Correlation among remaining dietary antioxidant features after removing highly correlated ones.
Table 1 presents a detailed evaluation of five ML models—RPART, RF, K–KNN, NB, and LightGBM—assessed on several performance metrics including sensitivity (Supplementary Fig. 4), specificity (Supplementary Fig. 5), F-beta score (Supplementary Fig. 6), accuracy (Supplementary Fig. 7), classification error rate (Supplementary Fig. 8), area under the ROC curve (Fig. 3), and area under the PR curve (Fig. 4).

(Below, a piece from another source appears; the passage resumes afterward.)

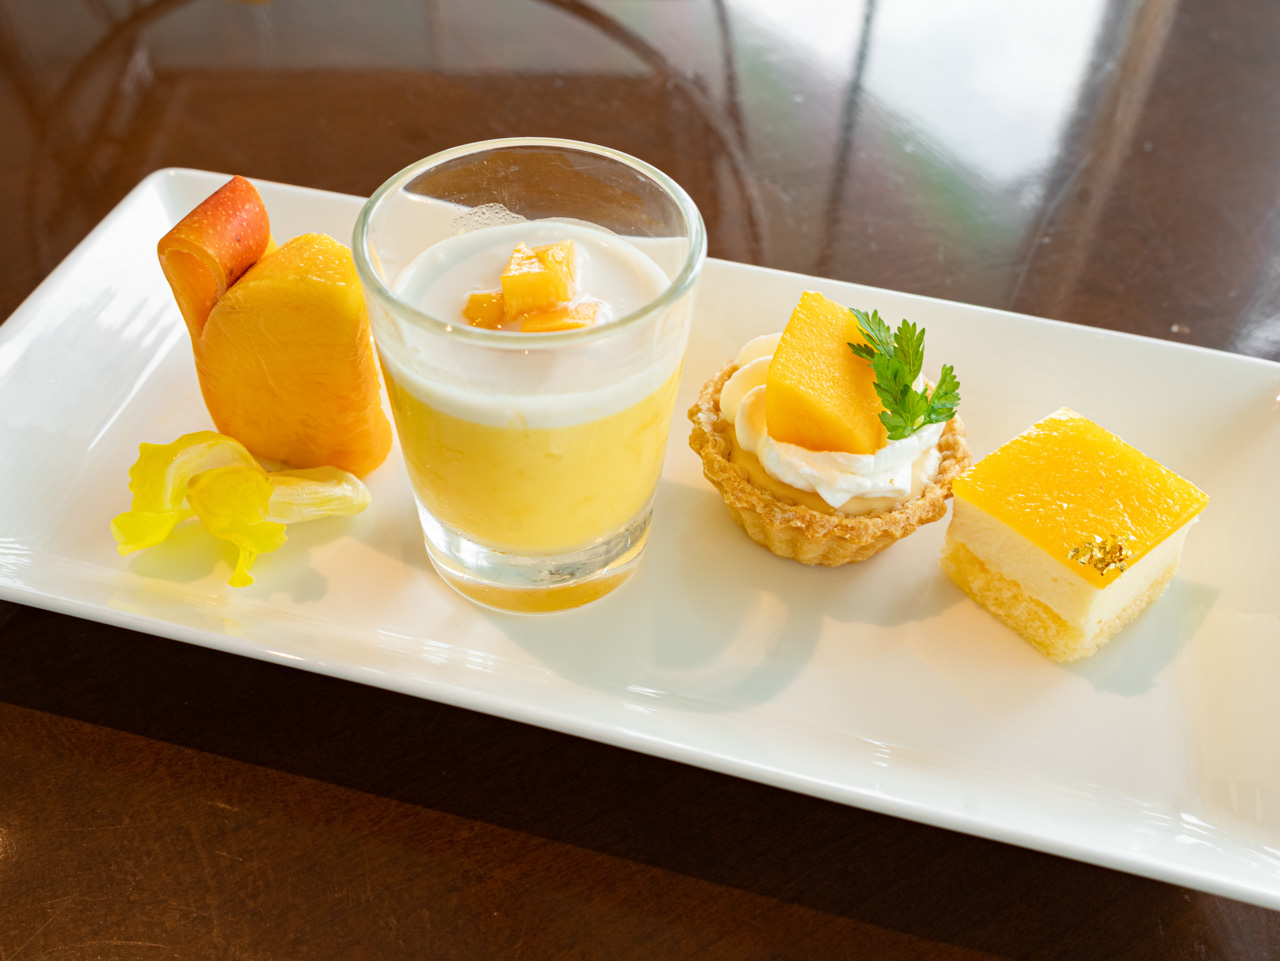 左から「フレッシュマンゴー」「マンゴープリン」「レモンとマンゴーのタルト」「マンゴーのレアチーズケーキ」。
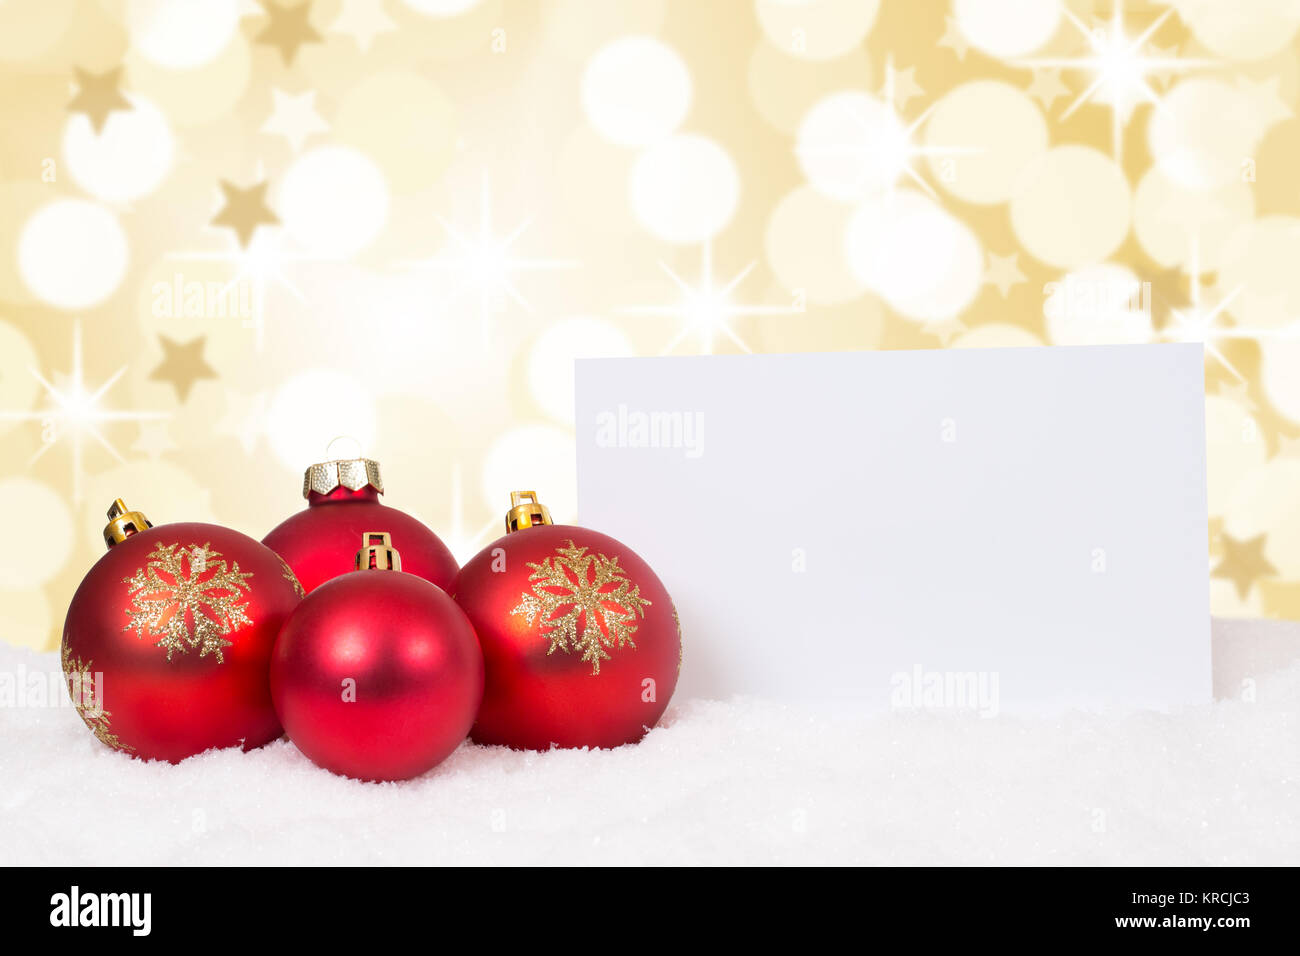 Rote Weihnachtskugeln Frohe Weihnachten Sterne Weihnachtskarte Wünsche Karte Textfreiraum Copyspace Stock Photo

Among the models, LightGBM stands out with the highest accuracy at 87.9 %, indicating its ability to correctly classify most instances. It also shows the lowest classification error rate of 12.1 %, making it the most effective in reducing misclassifications. LightGBM further achieves the highest values in both area under the ROC curve (0.951) and the PR curve (0.930), highlighting its superior ability to distinguish between classes and perform well under varying precision-recall conditions. The Random Forest model closely follows with an accuracy of 87.6 % and a similarly strong performance in the ROC (0.949) and PR curves (0.925). Both LightGBM and RF exhibit balanced sensitivity and specificity, with values close to 88 % for LightGBM, making them highly reliable for the task. In contrast, Naïve Bayes shows the weakest performance, with the lowest accuracy of 65.0 % and a classification error rate of 35.0 %. Its specificity is notably low (47.9 %), indicating that it struggles to correctly identify negative cases, despite its reasonable sensitivity (87.6 %). RPART and K–KNN offer moderate performance, with accuracies of 79.9 % and 80.9 %, respectively. However, K–KNN demonstrates higher sensitivity (88.3 %) compared to RPART (77.2 %), while RPART shows better specificity at 82.2 %. Furthermore, there are significant statistical differences in the metrics of the different models.
Fig. 3.
Receiver operating characteristic curves for the 5 machine learning models in predicting cardiovascular disease and cancer comorbidity. (A). Receiver operating characteristic curves. (B). Areas under the receiver operating characteristic curves.
Fig. 4.
Precision-recall curves for the 5 machine learning models in predicting cardiovascular disease and cancer comorbidity. (A) Precision-recall curves. (B) Areas under the precision-recall curves.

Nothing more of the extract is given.